Required work → Once the pictures are set aside, transcribe the remaining data exactly.

Information supplied →
◇ ◇ ◇ ◇ ◇ ◇ ◇
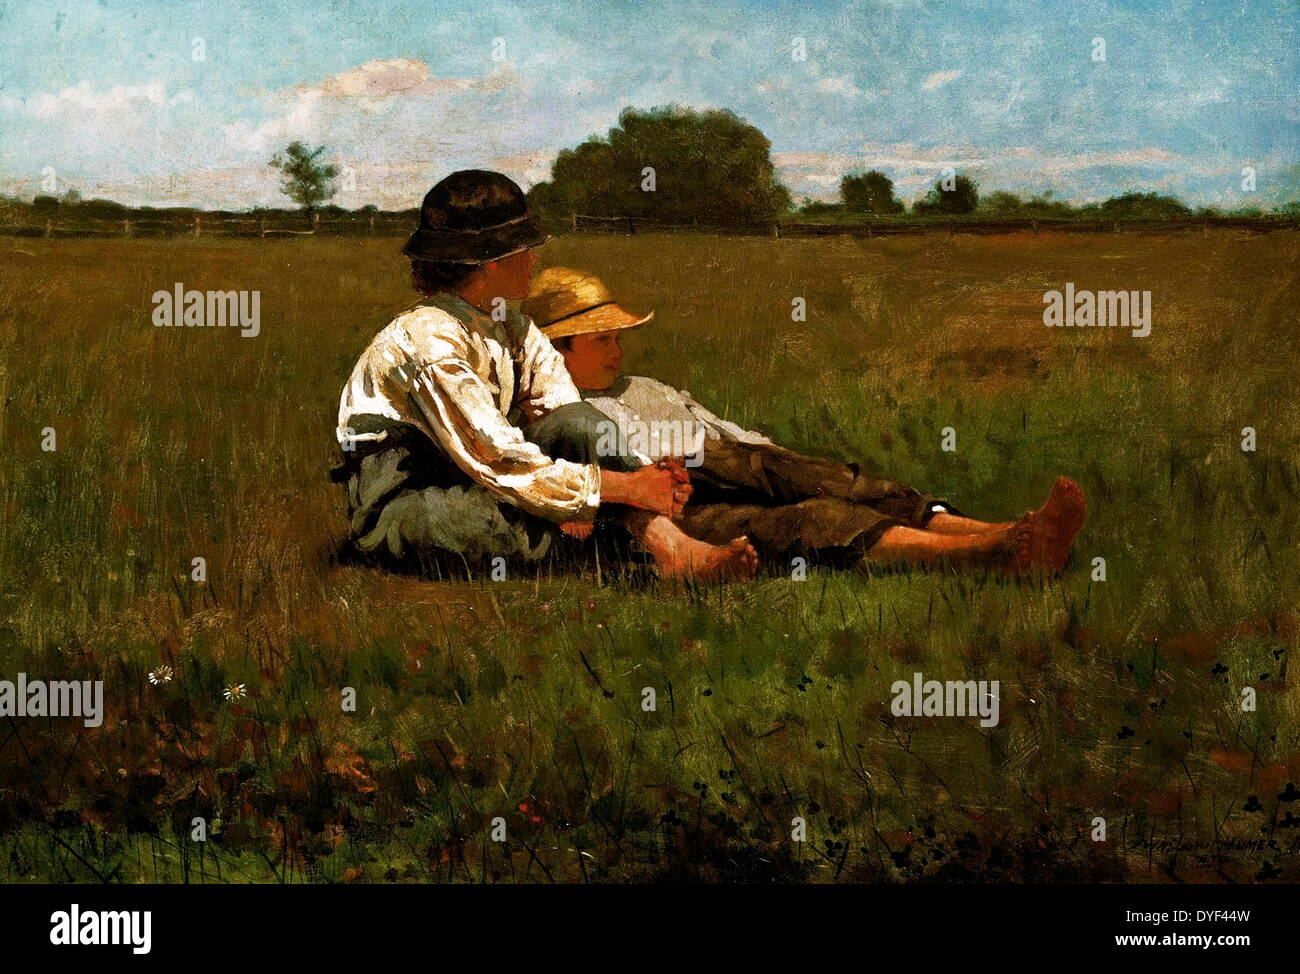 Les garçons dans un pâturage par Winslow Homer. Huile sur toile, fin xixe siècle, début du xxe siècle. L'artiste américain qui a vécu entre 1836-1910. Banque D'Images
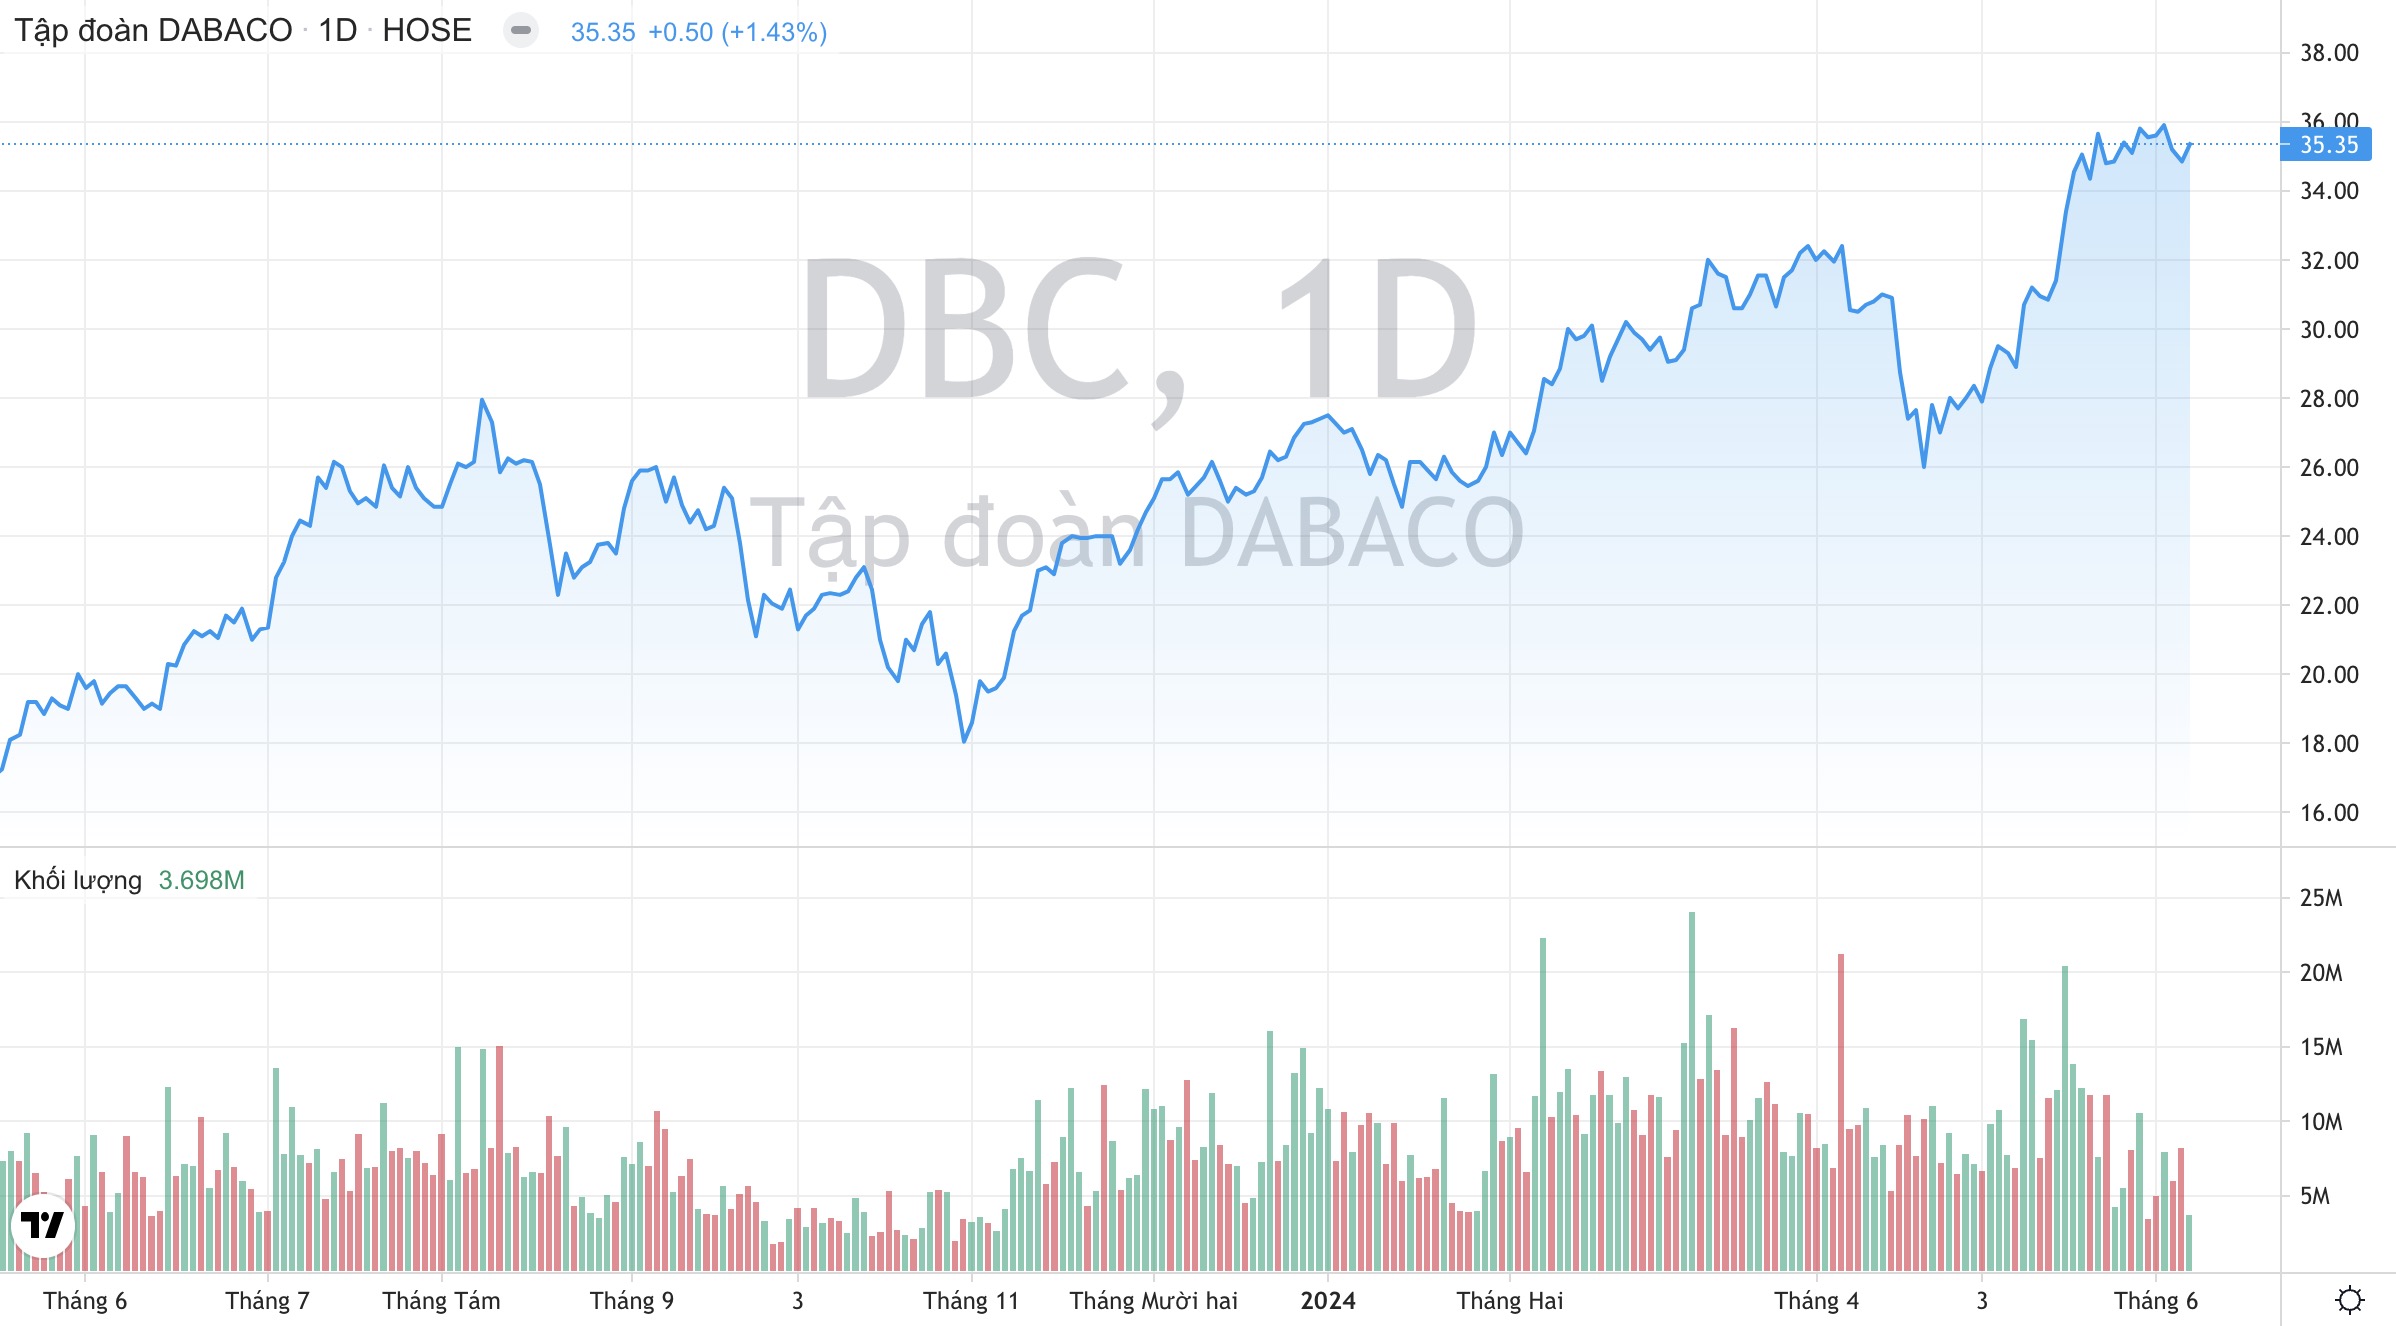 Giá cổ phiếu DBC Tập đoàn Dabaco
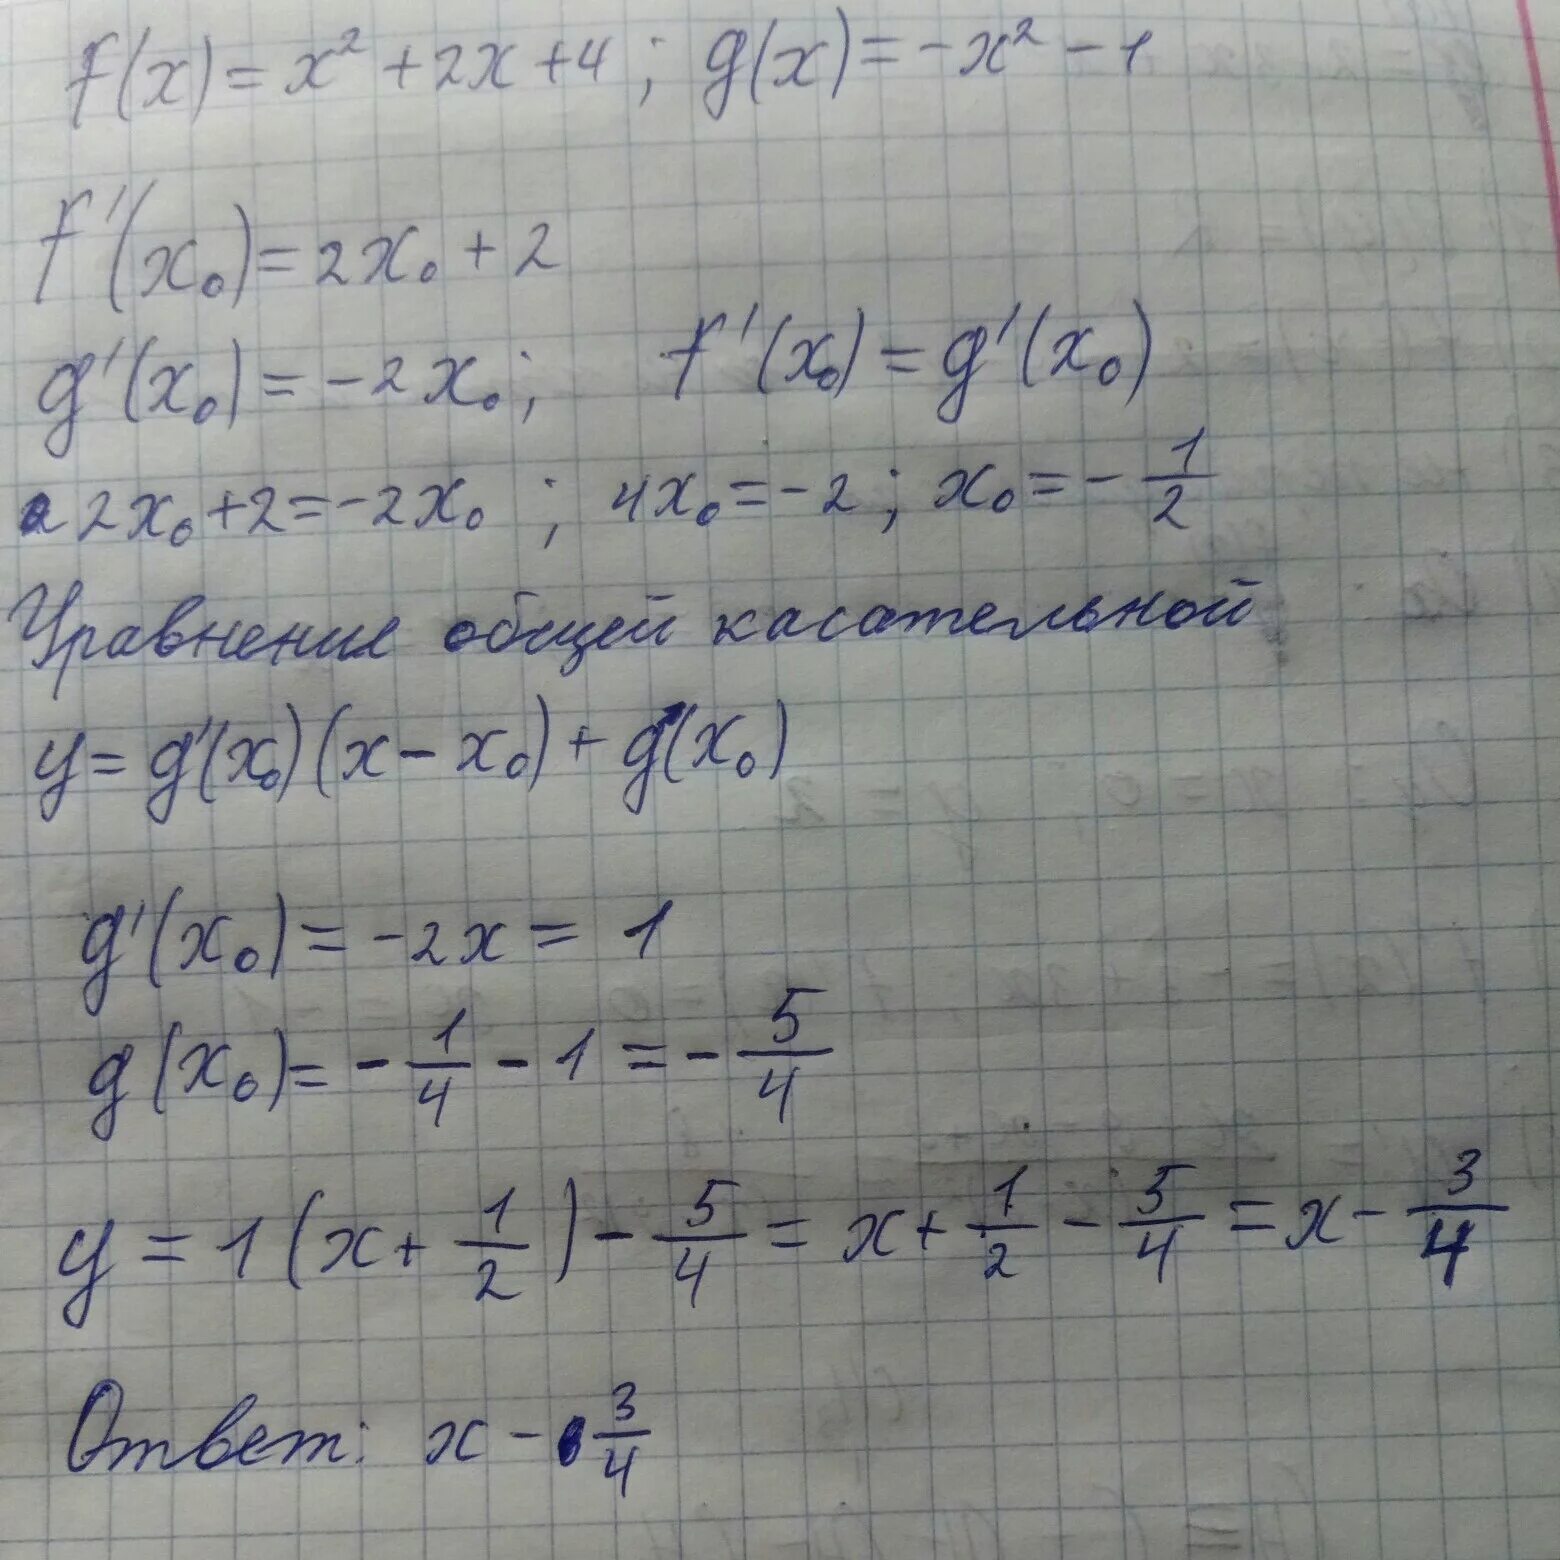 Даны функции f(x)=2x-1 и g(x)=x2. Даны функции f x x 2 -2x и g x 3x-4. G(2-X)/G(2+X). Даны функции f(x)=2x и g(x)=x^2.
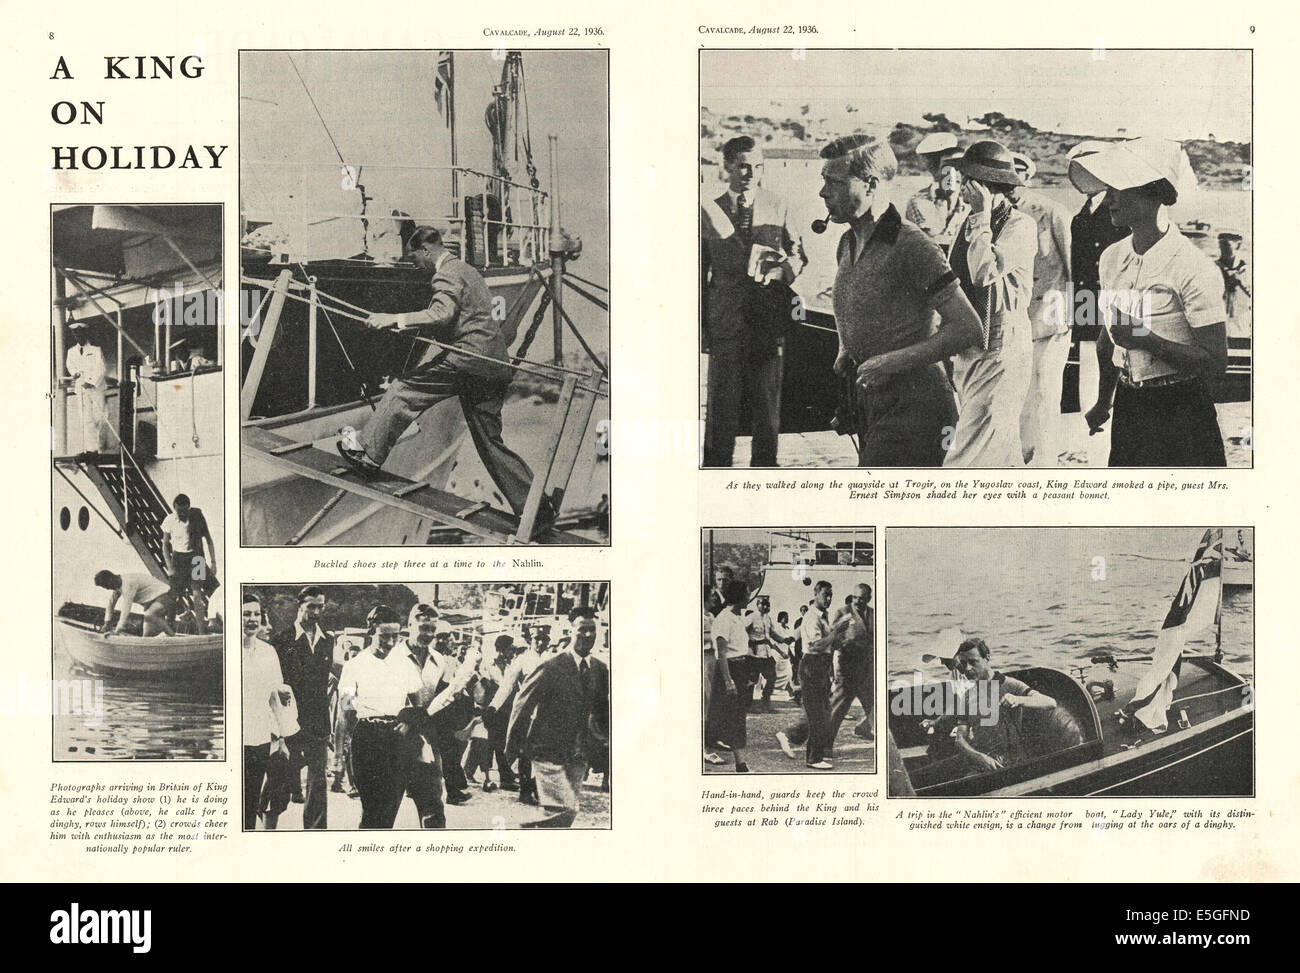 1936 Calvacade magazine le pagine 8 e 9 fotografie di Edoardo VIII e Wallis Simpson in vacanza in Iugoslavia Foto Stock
◇ ◇ ◇ ◇ ◇ ◇ ◇
Task output →
 Les garçons dans un pâturage par Winslow Homer. Huile sur toile, fin xixe siècle, début du xxe siècle. L'artiste américain qui a vécu entre 1836-1910. Banque D'Images
 Giá cổ phiếu DBC Tập đoàn Dabaco
 Даны функции f(x)=2x-1 и g(x)=x2. Даны функции f x x 2 -2x и g x 3x-4. G(2-X)/G(2+X). Даны функции f(x)=2x и g(x)=x^2.
 1936 Calvacade magazine le pagine 8 e 9 fotografie di Edoardo VIII e Wallis Simpson in vacanza in Iugoslavia Foto Stock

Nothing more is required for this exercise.